Copy the data exactly as it appears, and do not include any pictures.

*Data block:*
- Opening Delimiter -

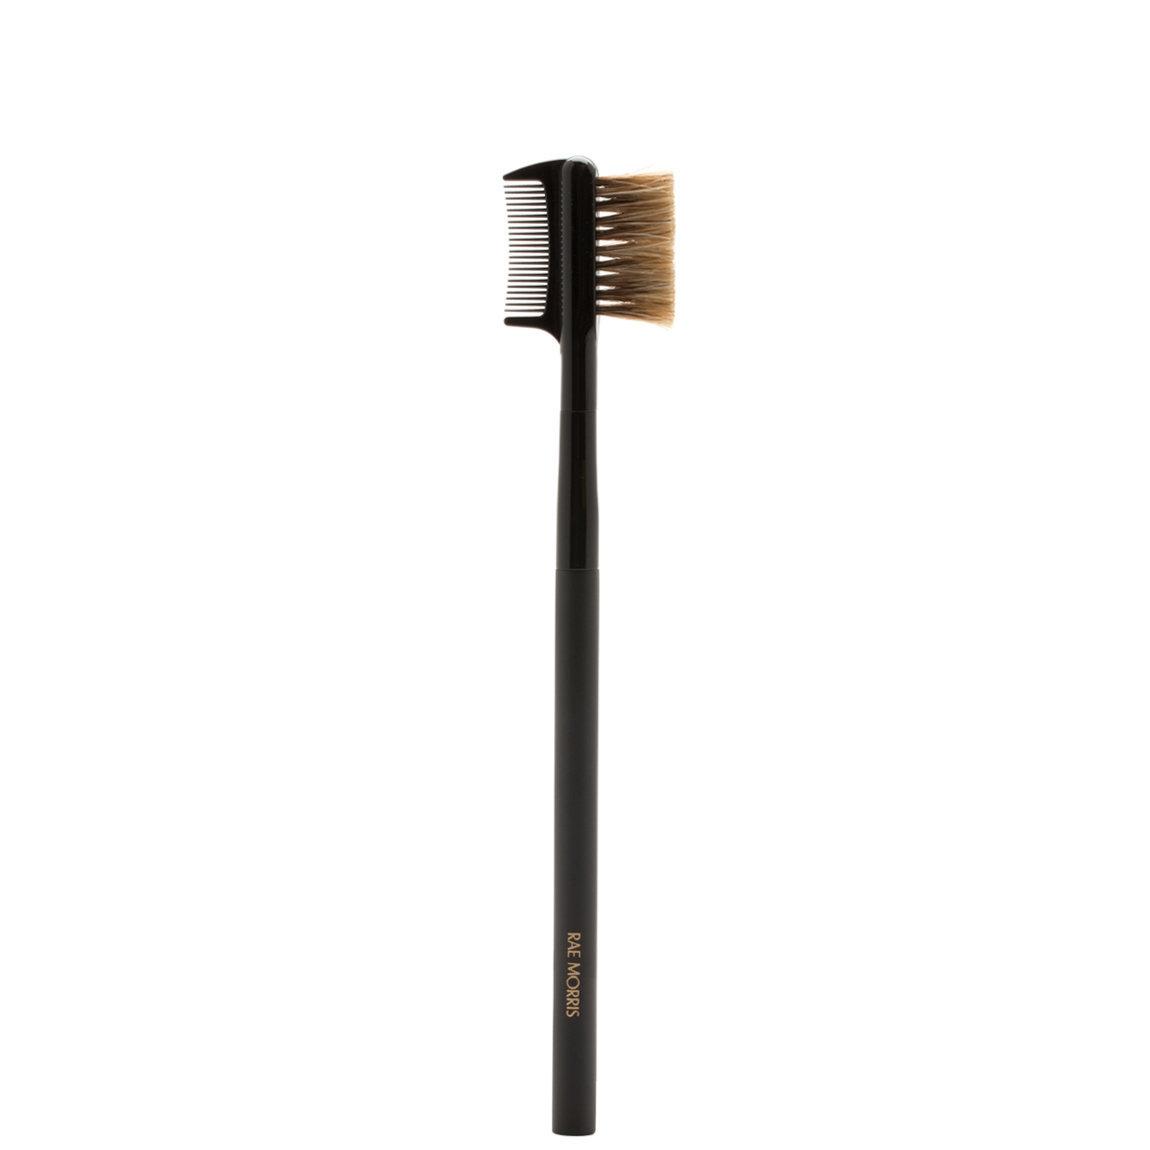 Rae Morris Jishaku Brush 18: Lash Brow Duo product swatch.
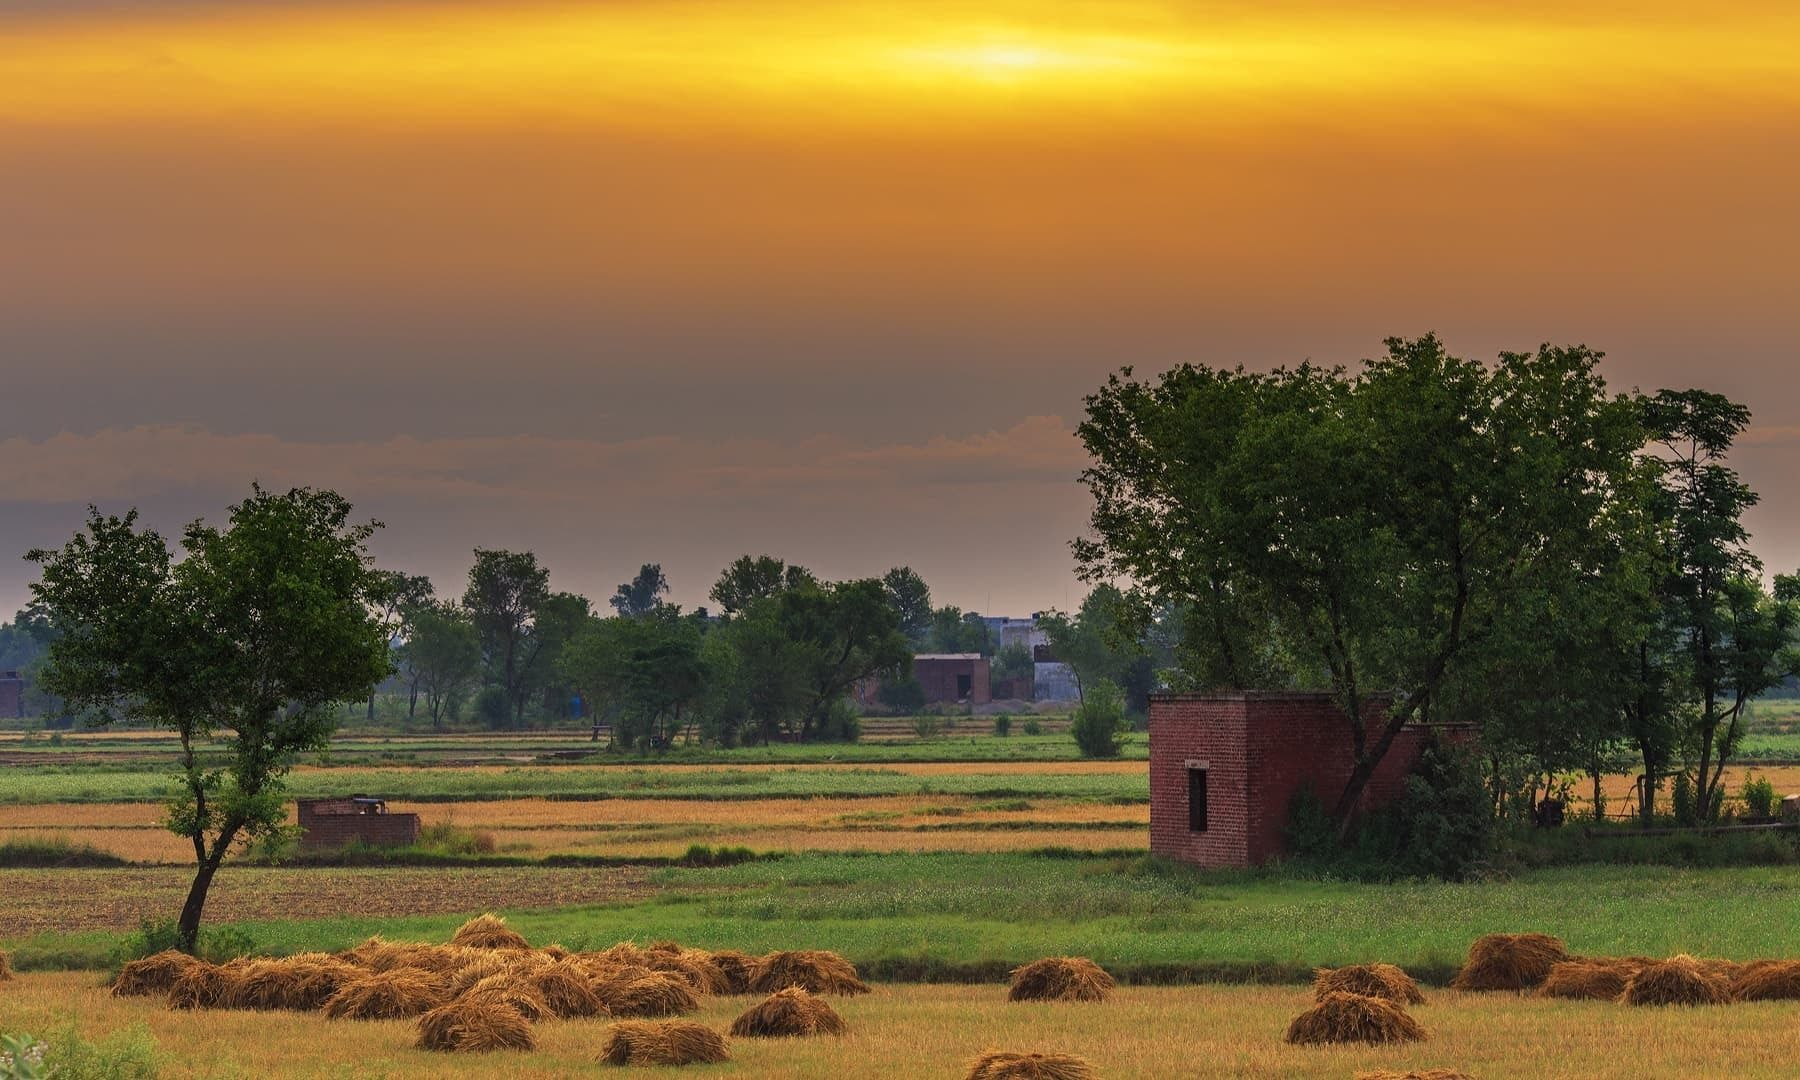 Chenab Pakistan S River Of Love Village Photography Pakistan Travel Landscape Photography
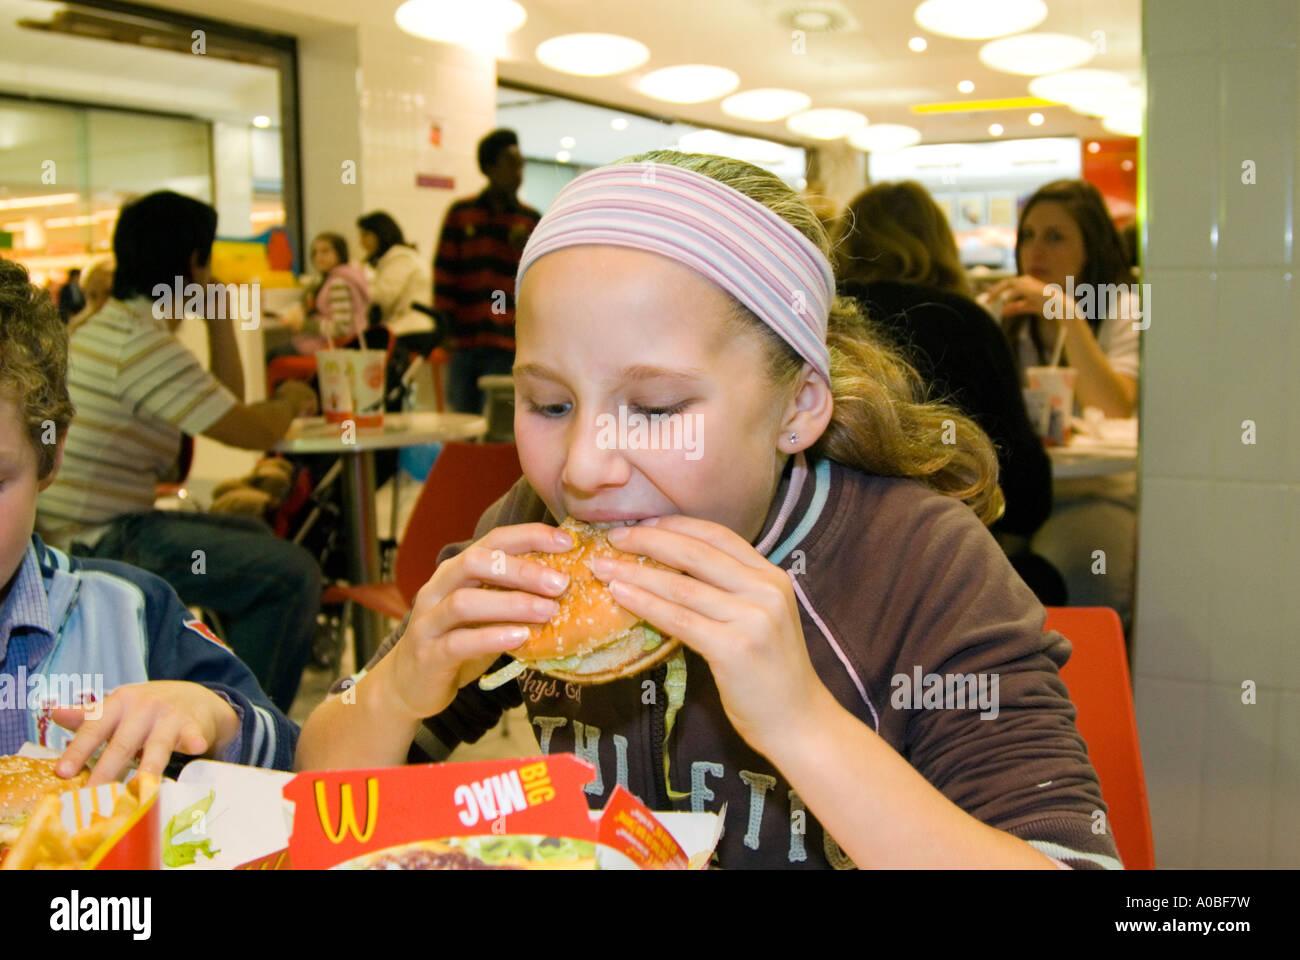 Child eating McDonald's Big Mac hamburger England UK - Stock Image

- Closing Delimiter -

*Exercise output:*
 Rae Morris Jishaku Brush 18: Lash Brow Duo product swatch.
 Chenab Pakistan S River Of Love Village Photography Pakistan Travel Landscape Photography
 Child eating McDonald's Big Mac hamburger England UK - Stock Image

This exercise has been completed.